- Problem details:
Starting at the line that contains "A Black & White" and ending at the final line of the entries below, write out each line exactly as it appears, but omit the pictures.

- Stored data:
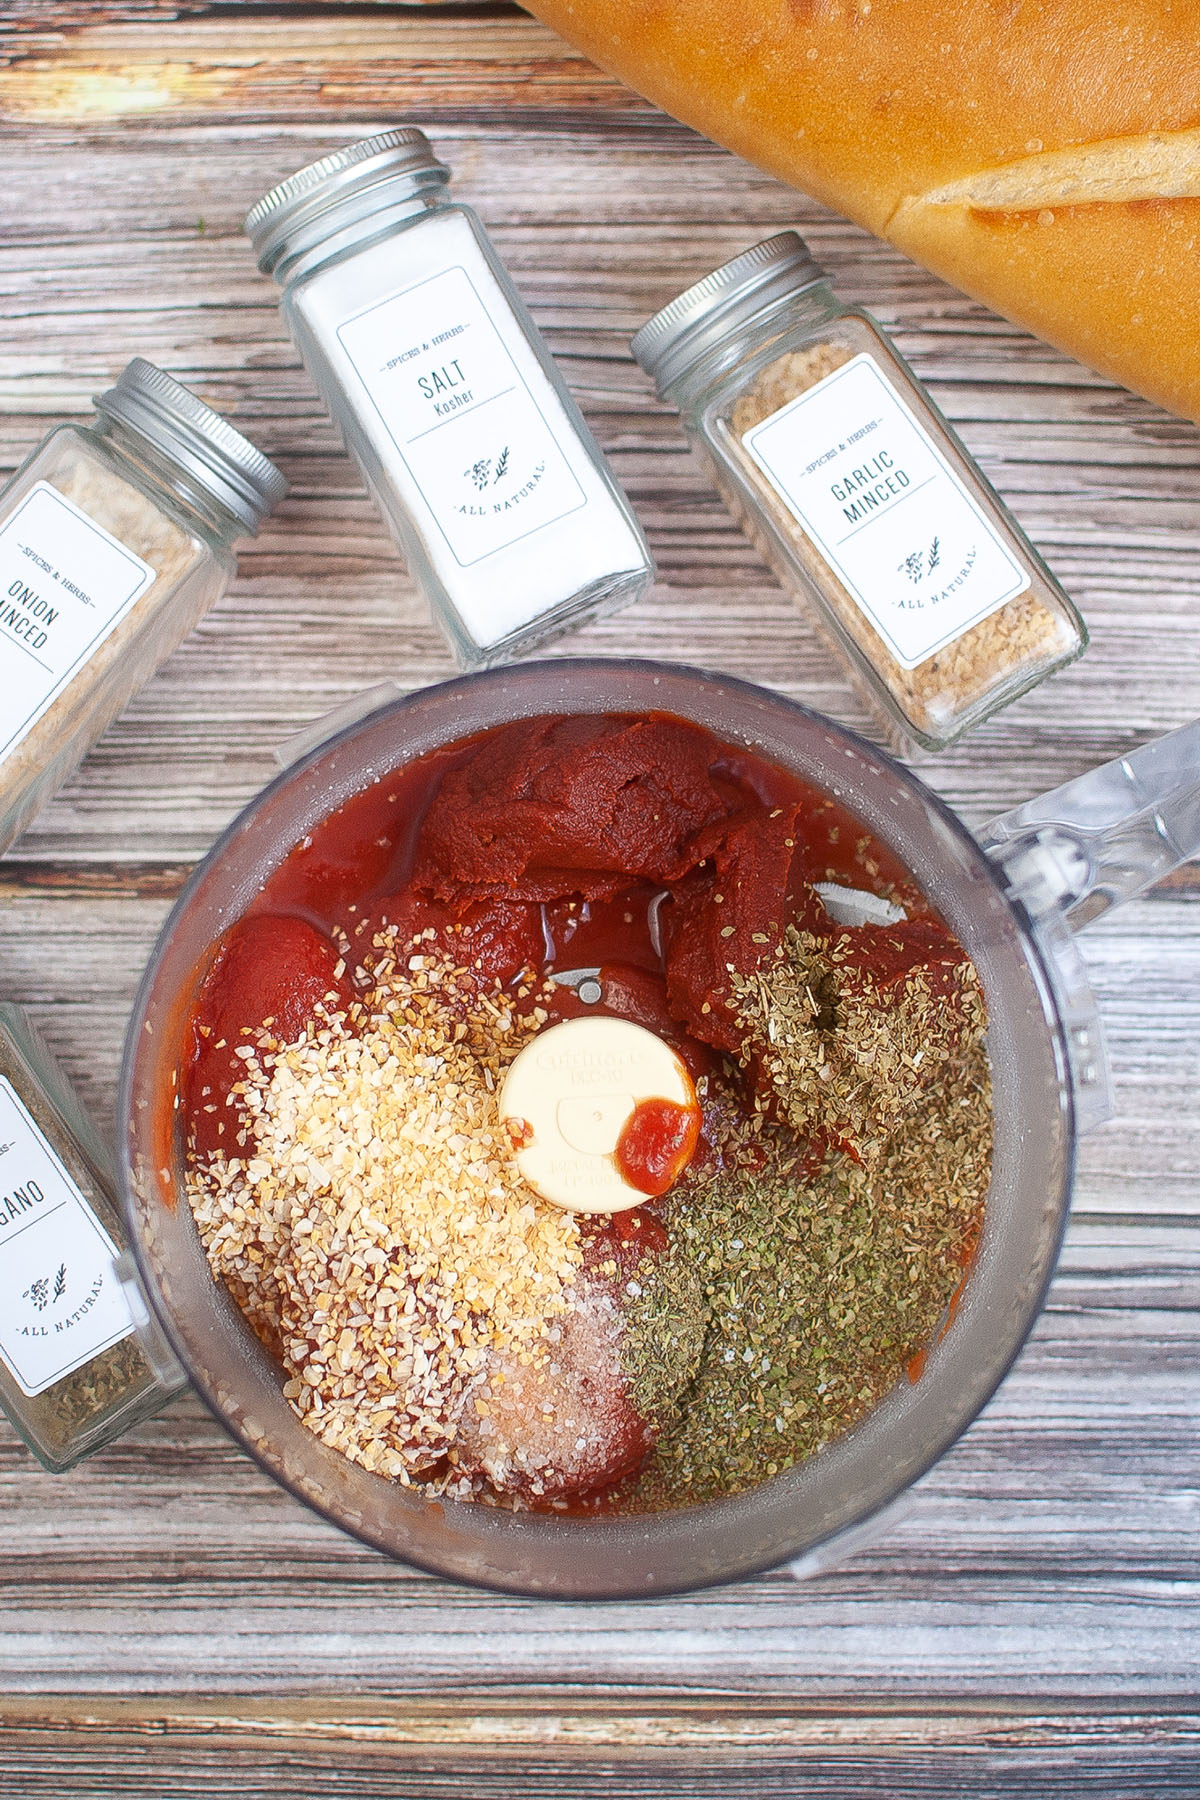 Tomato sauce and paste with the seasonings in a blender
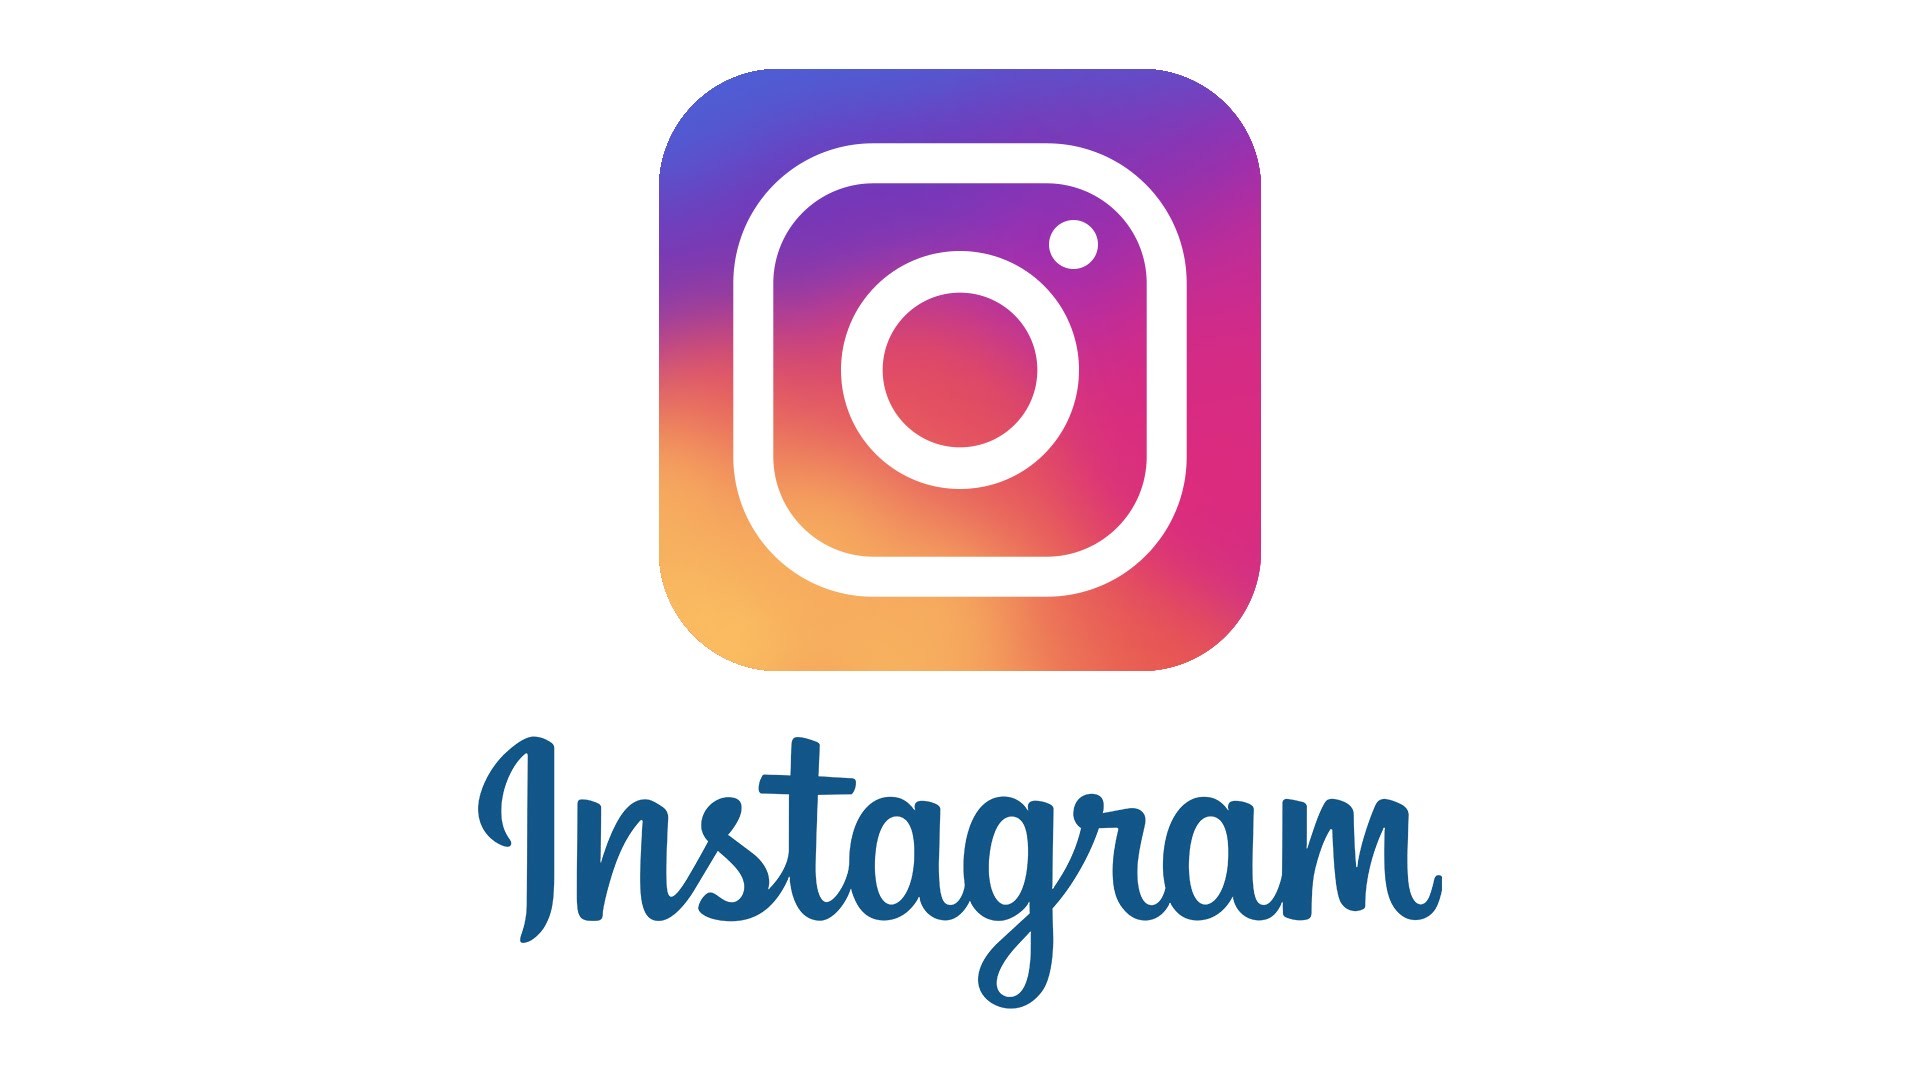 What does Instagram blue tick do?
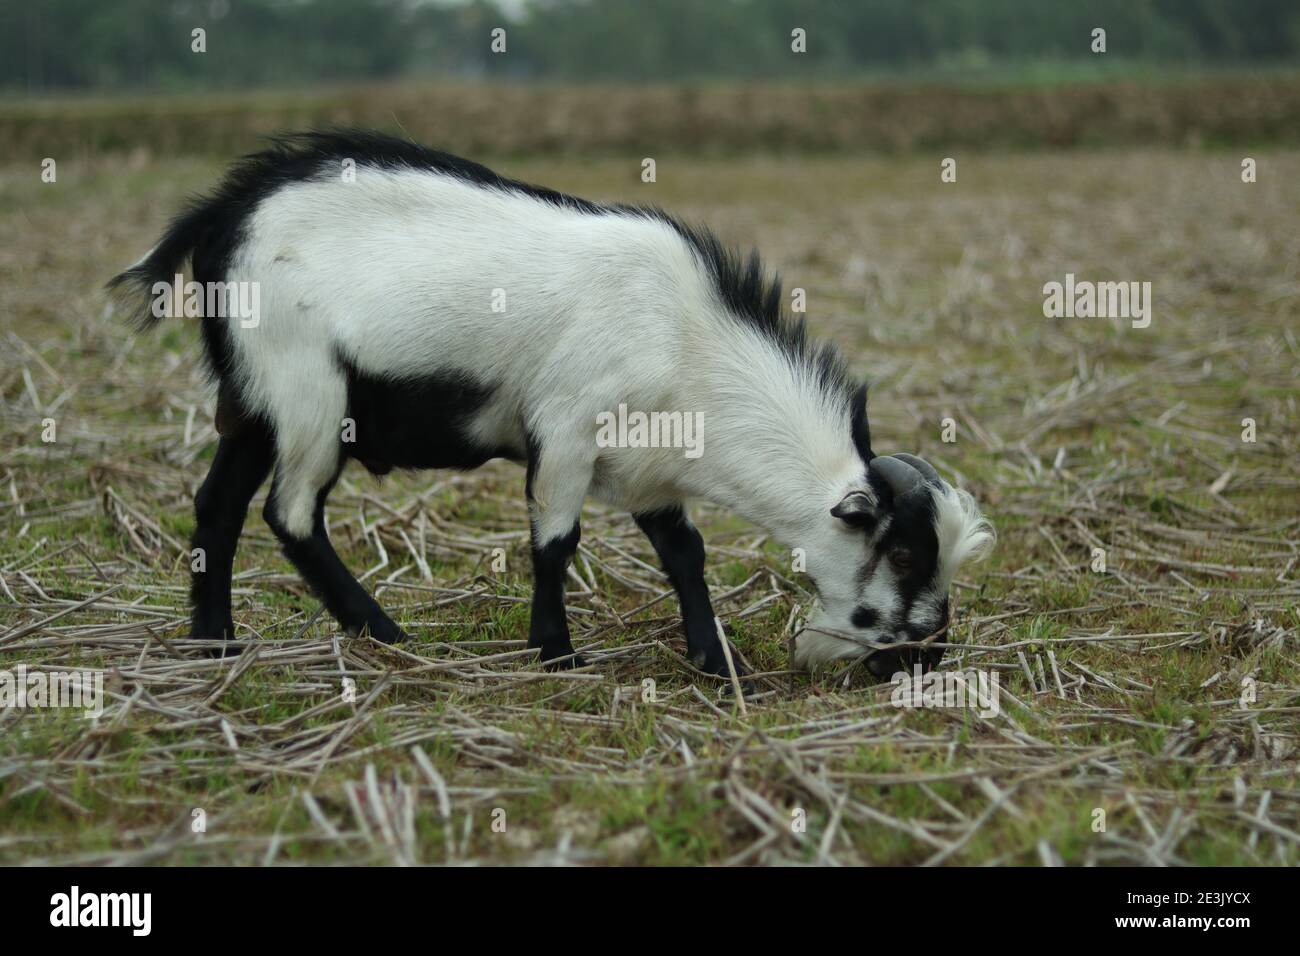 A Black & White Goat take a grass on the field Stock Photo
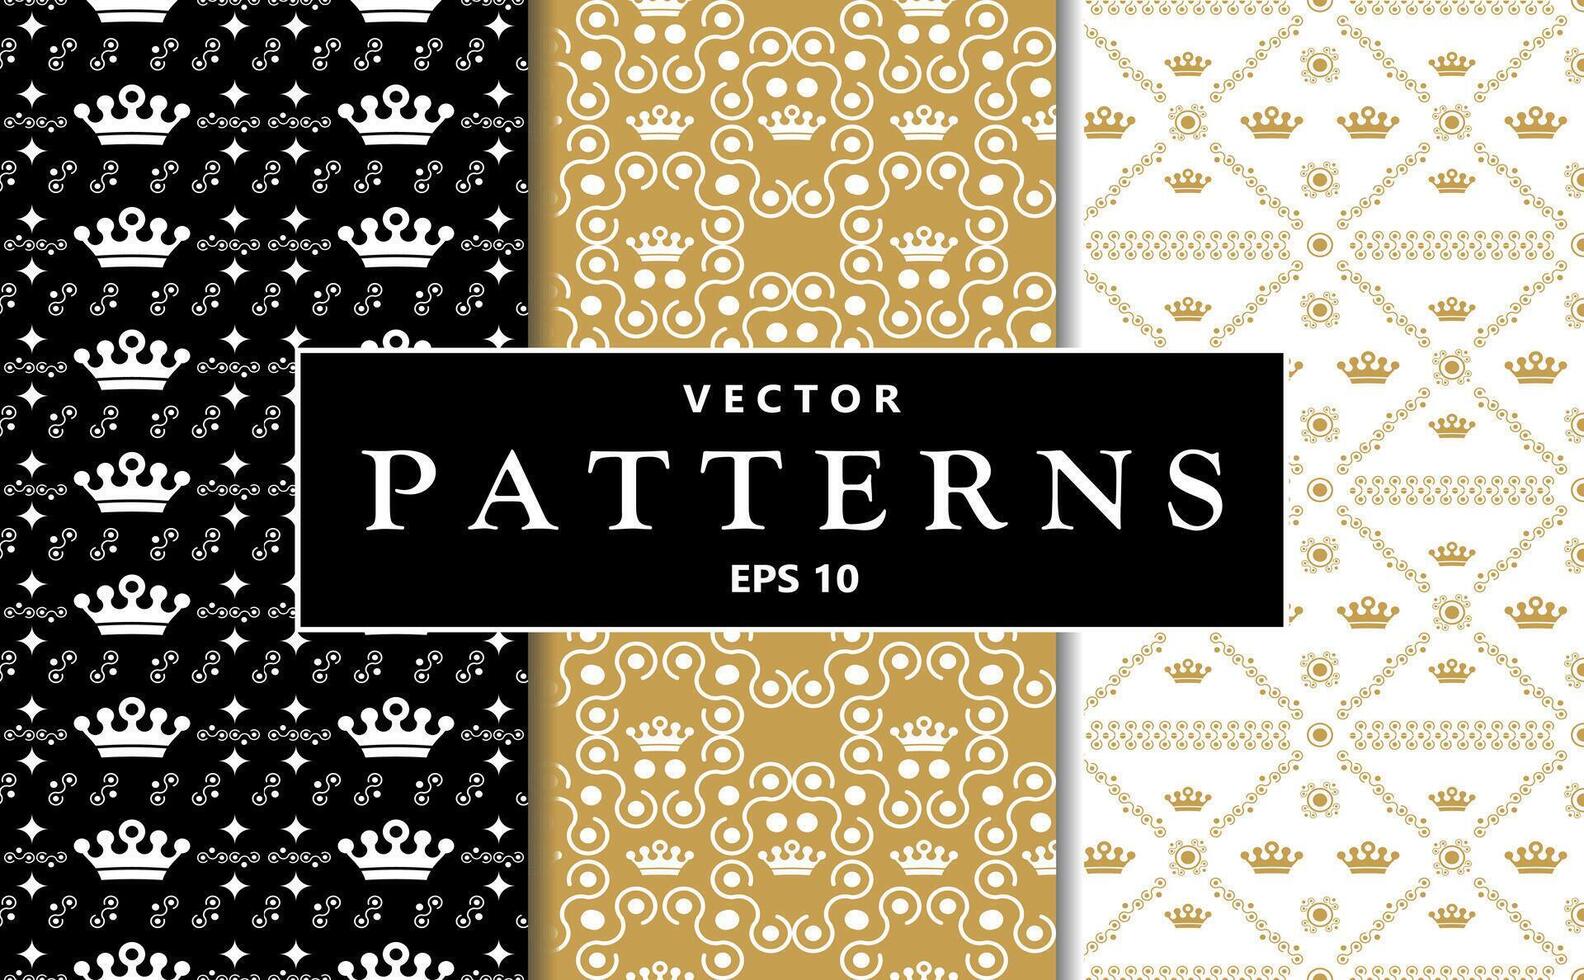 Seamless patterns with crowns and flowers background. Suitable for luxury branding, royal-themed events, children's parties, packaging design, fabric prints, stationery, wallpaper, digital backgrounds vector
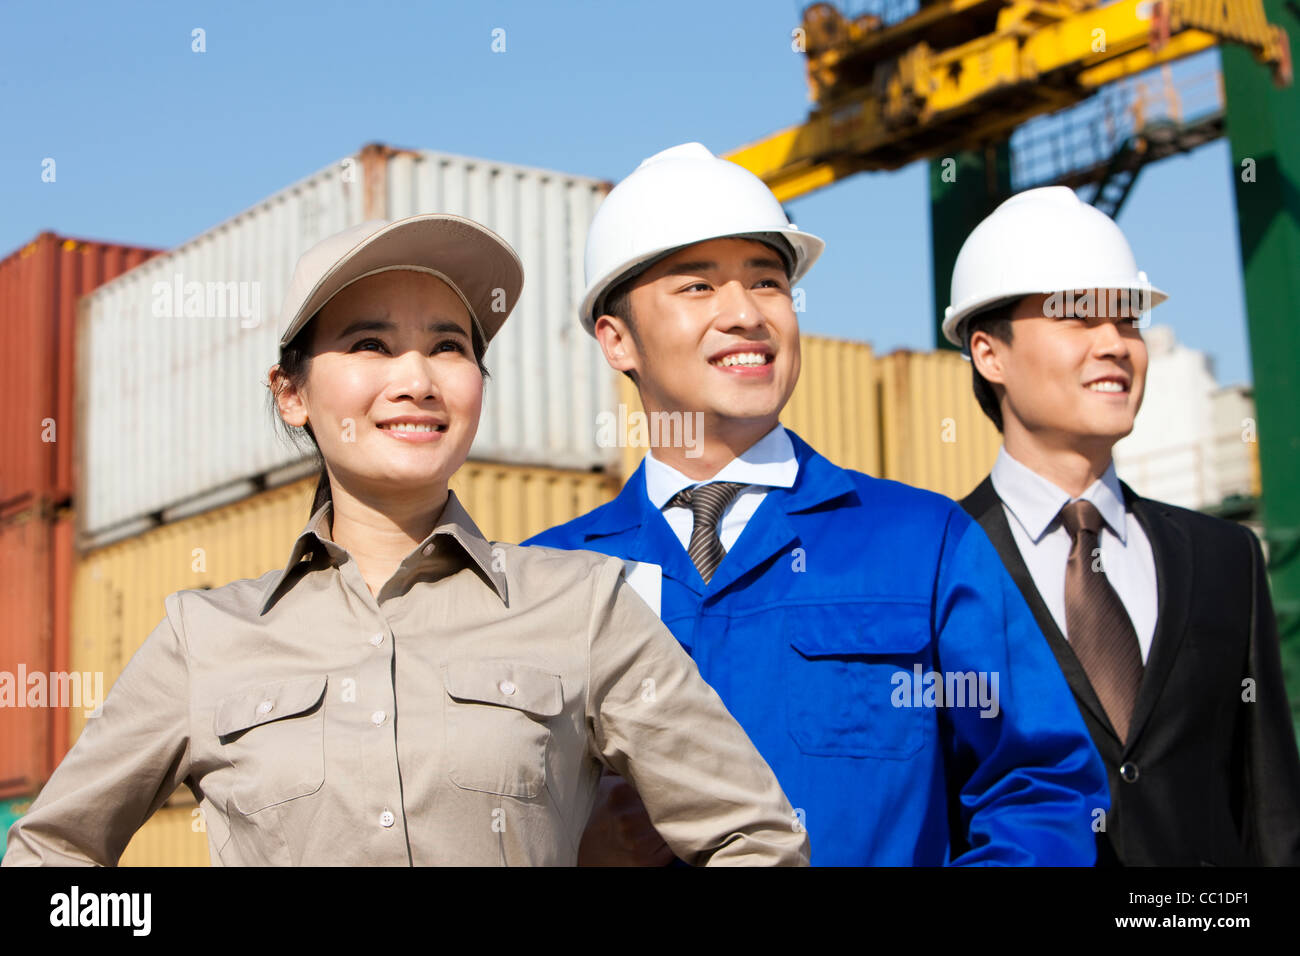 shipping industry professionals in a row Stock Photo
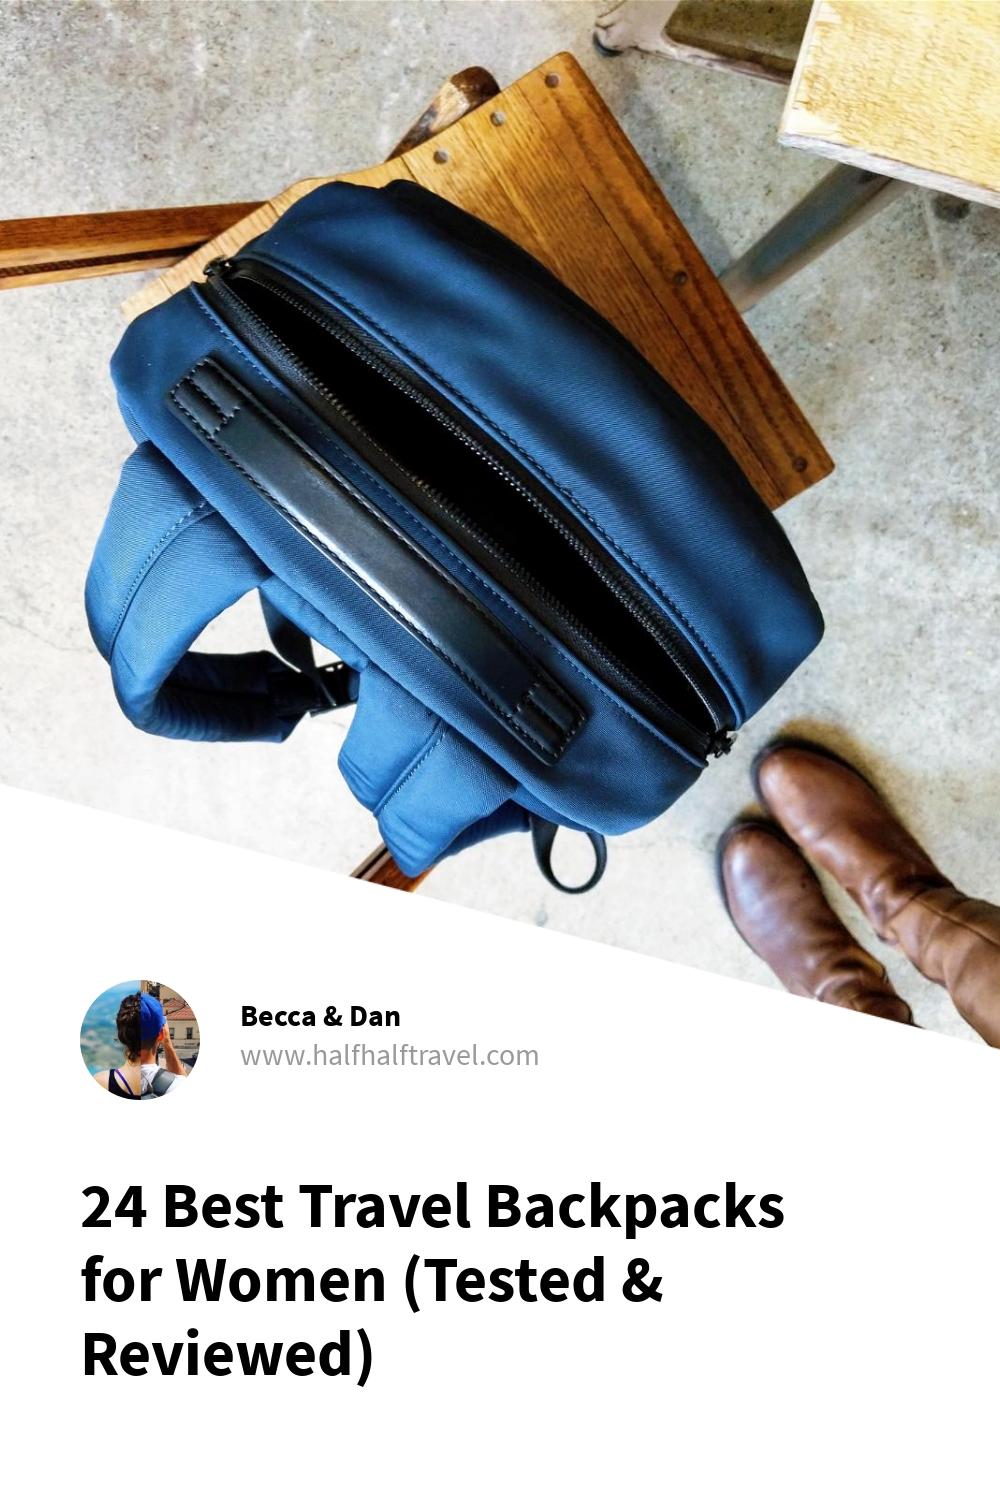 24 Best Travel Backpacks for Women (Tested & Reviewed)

- Solution for this task:
 A Black & White Goat take a grass on the field Stock Photo
 Seamless patterns with crowns and flowers background. Suitable for luxury branding, royal-themed events, children's parties, packaging design, fabric prints, stationery, wallpaper, digital backgrounds vector
 shipping industry professionals in a row Stock Photo
 24 Best Travel Backpacks for Women (Tested & Reviewed)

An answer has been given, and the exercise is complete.